Corey Stephan, Ph.D.


Sancta Missa: The Catholic husband and father’s typical Sunday morning experience (Fun Post)

Corey Stephan

I have decided to take a break from my usual serious, long-form blog posts in favor of a playful, short one.

Prepare breakfast for the children. Do not prepare breakfast for yourself. You are supposed to fast. Your stomach growls while you smell the bananas with peanut better.

Tie your bowtie. Dress the children. Your wife groggily dresses herself.

Fiddle sticks. You forgot to shave your face. Untie your bowtie. Shave your face. Retie your bowtie.

The children are either wildly energetic or painfully exhausted with no chance for middle ground. You are only capable of feeling tired.

Either you or your wife loudly says, “Come on, everyone. We cannot be late for Mass.” The one who does not say that thinks to himself or herself, “With how I am feeling this morning, I would not mind sleeping longer, even if it meant being late for Mass,” but he or she actually says aloud, “Of course, dear. We will not be late for Mass.”

Help children go to the potty and brush their teeth. Inevitably, one child has food, milk, urine, and/or toothpaste on his/her clothing at this point, which you must try frantically to wipe clean.

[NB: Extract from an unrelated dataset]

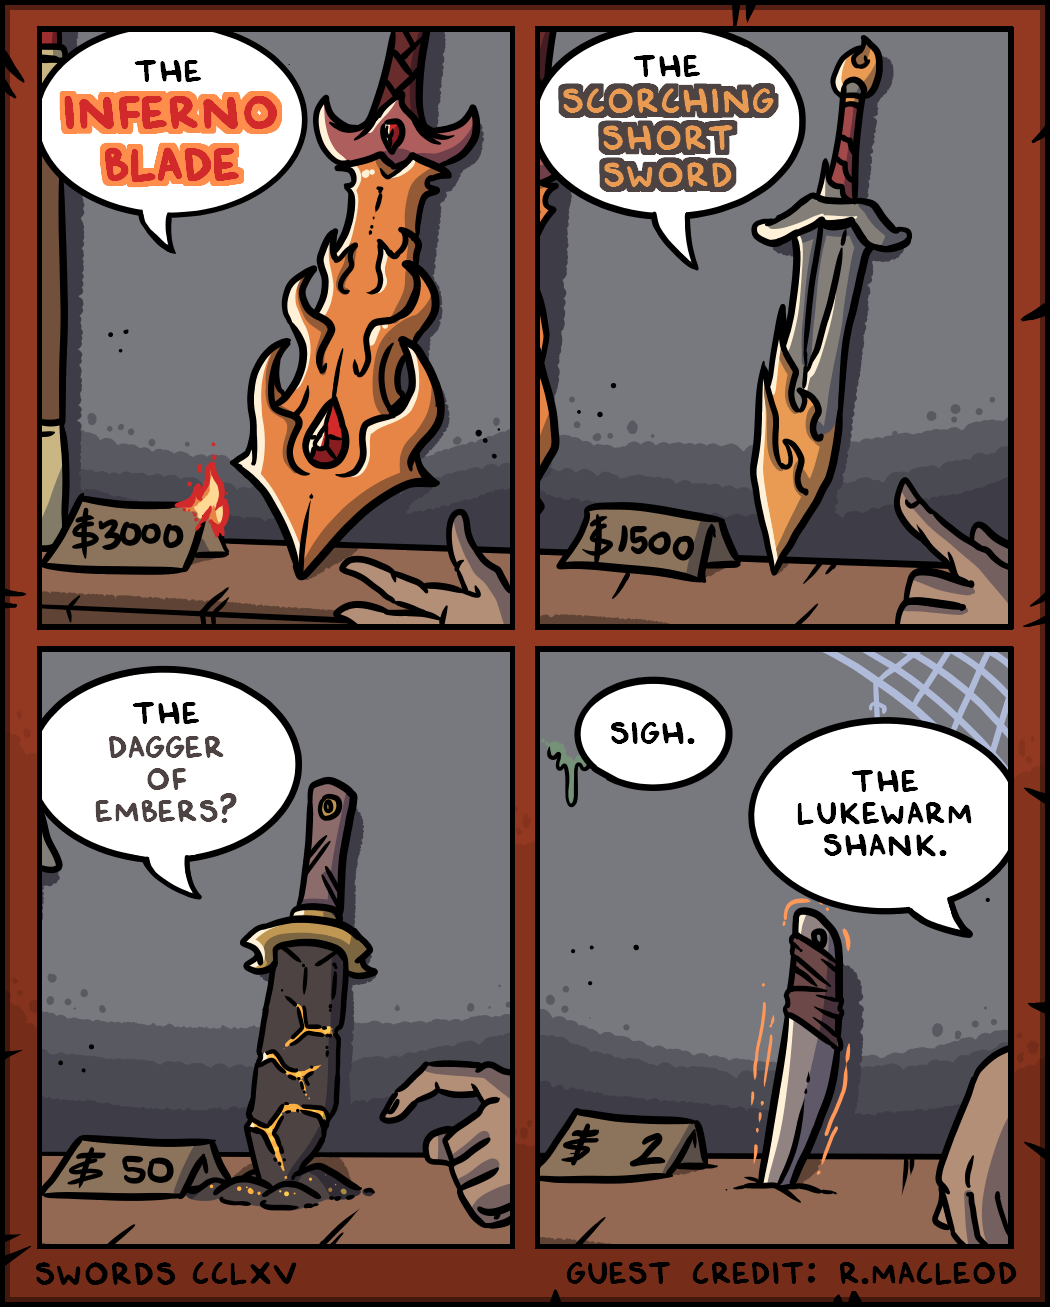 Fire Swords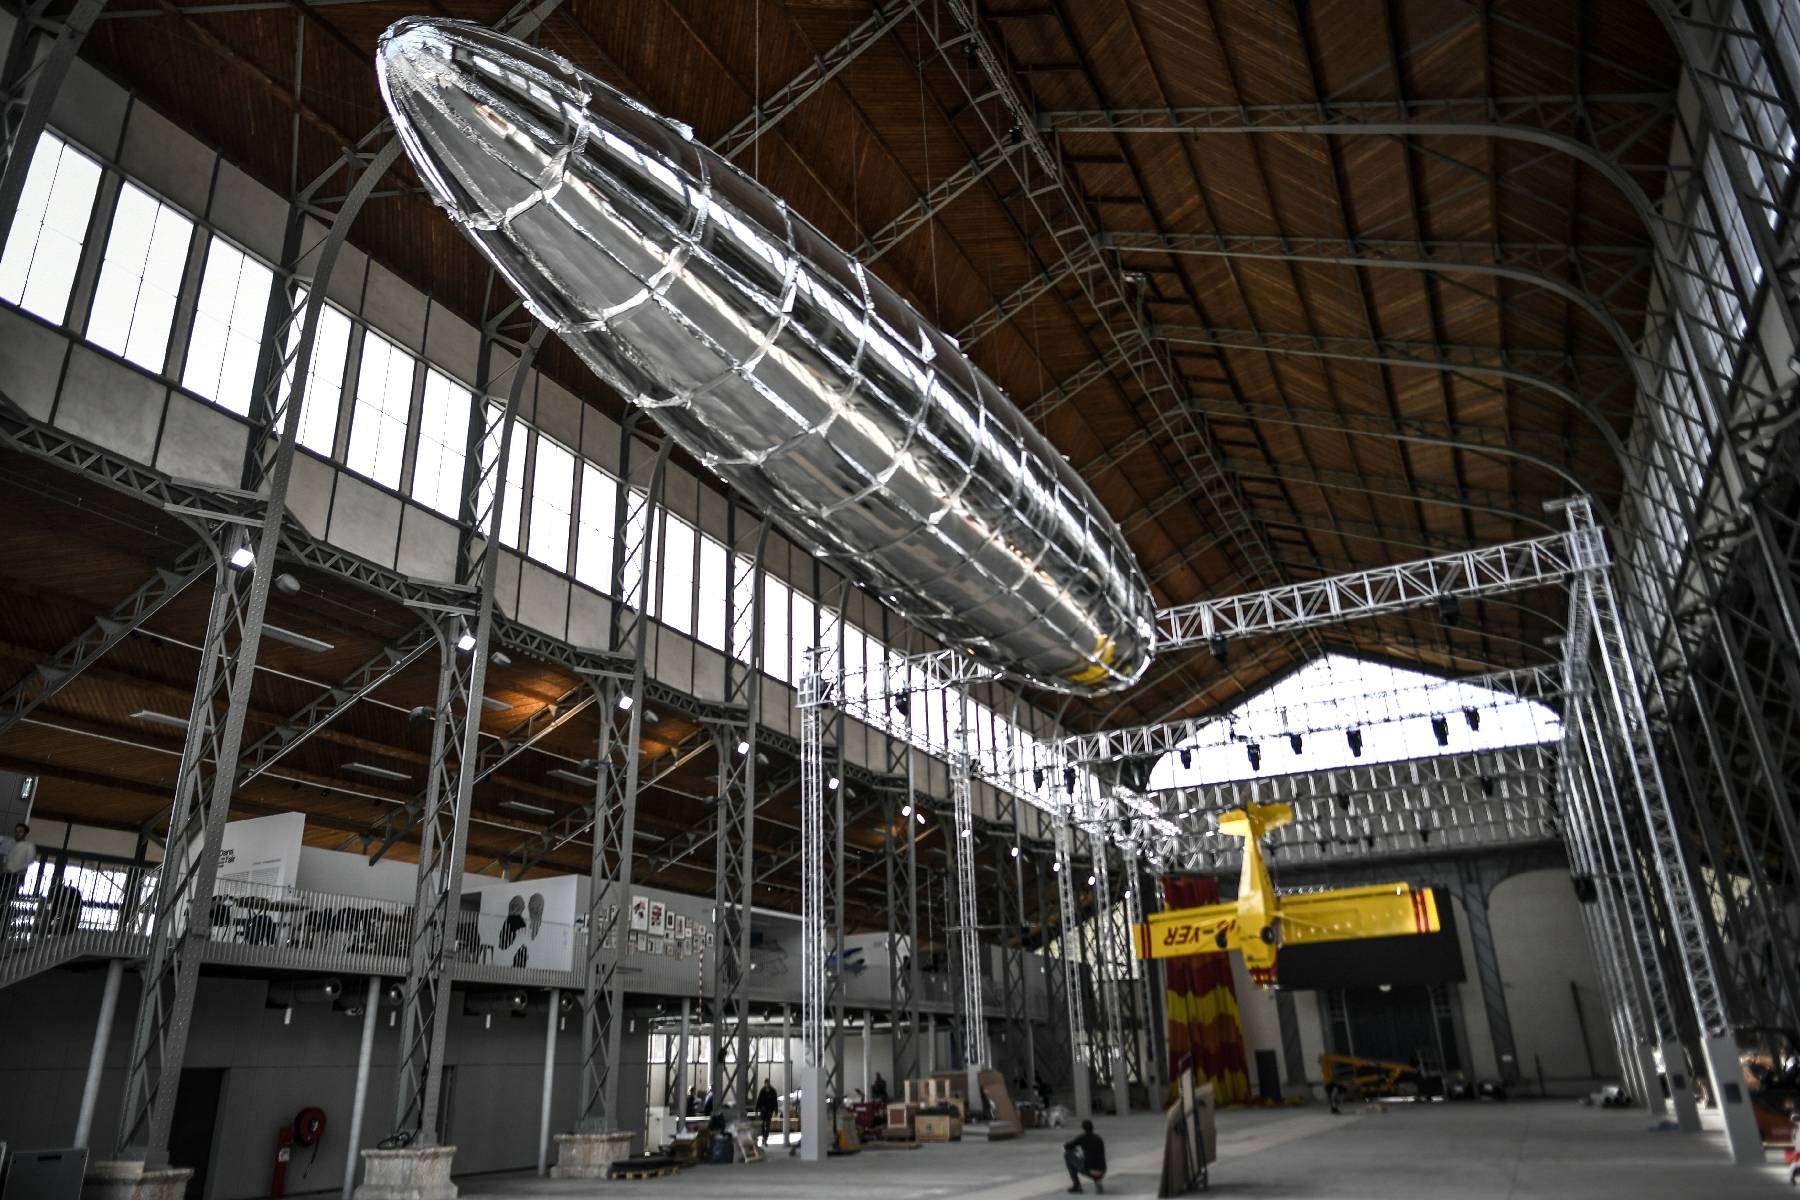 En banlieue parisienne, un ancien hangar à dirigeables transformé en centre d'art

If you should fail, then you will have to sprint to redress that child. Time is running short.

Rush into the car. The children cry while buckling the seat belts for their car seats.

Back out of the driveway to realize that you have forgotten something. Stop. Run back inside.

Politely comment that vehicular traffic is less of a problem than on weekdays. (The same thing is true every Sunday morning, which renders the comment useless.)

Arrive at the parish with not quite enough time for everyone to use the restroom, but try to have everyone use the restroom anyway.

Scramble into the pew. The children are surprisingly content.

The children’s contentedness cannot withstand the priest’s tardiness. “Really?,” you think. “This guy rolls out of bad and slips on some robes, and he actually lives right here, but he cannot be bothered to be here on time?” Outwardly, you smile to your spouse while gently working to keep your children calm.

Finally, amidst children squirming, the music begins. You rise, and everyone snaps into something resembling focus.

Now, it is time for an hour of wrangling the little ones.

Have fun with the return drive. Maybe the children will not find some random cause for tears.